C’est par Florian, je crois, qu’on l’a rencontrée. Florian, qui avait rencontré Ivan [et] Eugénie, qui faisaient du théâtre. Eugénie a beaucoup participé à des coups de mains bénévoles pendant toute une année à la maison, dans un cercle « noyau dur ». Elle était très régulièrement sur le bar, à organiser des activités, faire vivre l’atelier peinture. Ça, c’était en 2010, 2011.

Et puis, en septembre 2011, elle a décidé de venir s’installer ici, à la maison. Elle est restée presque deux ans, avant de partir en Afrique avec un copain qu’elle a rencontré par le biais de la maison à l’époque. C’est quelqu’un de moteur, depuis des années, et qui a vraiment vu différents aspects de la maison. D’abord de l’extérieur, après comme habitante ; qui a toujours gardé le lien malgré la distance… (…)

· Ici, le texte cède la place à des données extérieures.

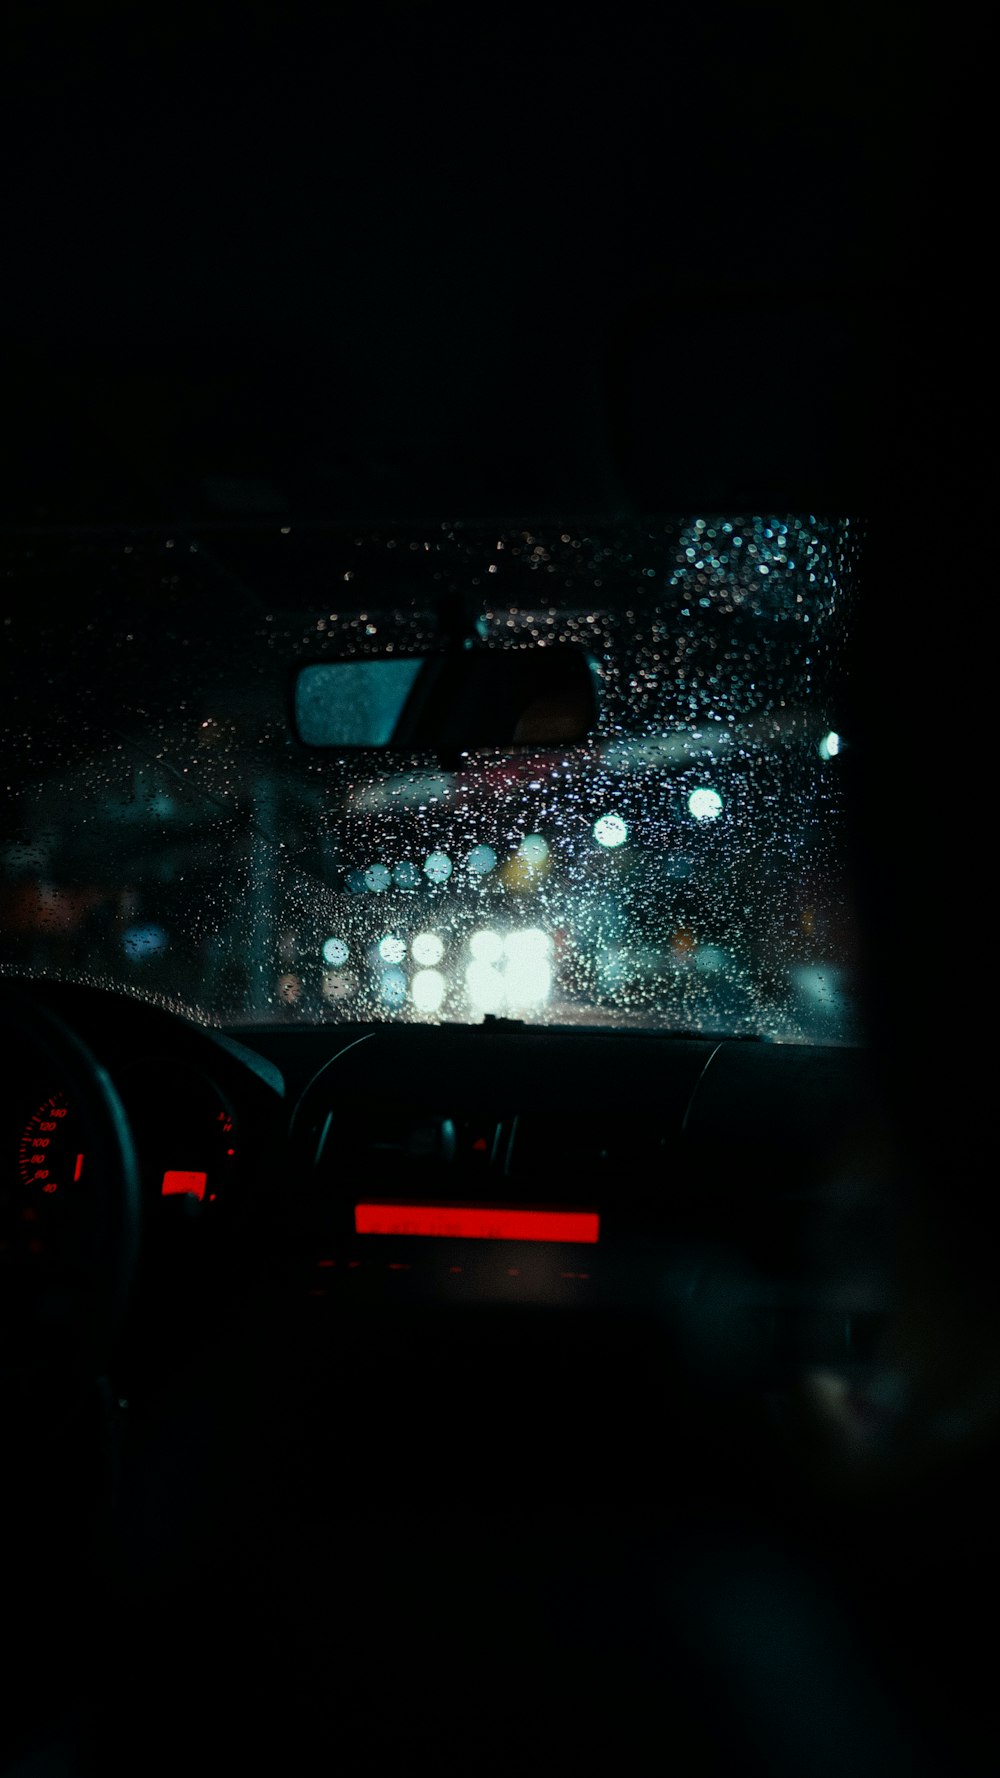 a car dashboard with rain on the windshield

C’est quelqu’un qui fait de la peinture aussi (comme je disais avant, tout ce qui est atelier peinture). Il y avait toute une belle dynamique, à l’époque, autour d’Eugénie, Gobi* aussi (je ne pense pas que tu l’aies croisé), Auguste (peut-être que tu l’as croisé parce qu’il est encore sur Strasbourg), Berthe* aussi (…) Coline*, Florian… Ils étaient quelques uns à être vraiment sur une grosse « vibe ateliers ». Et puis c’est vrai qu’ils ont fait vivre l’atelier, organisé des expos, organisé des concerts à la maison…
(…)

Ophélie : Tu entends quoi par « moteur » ?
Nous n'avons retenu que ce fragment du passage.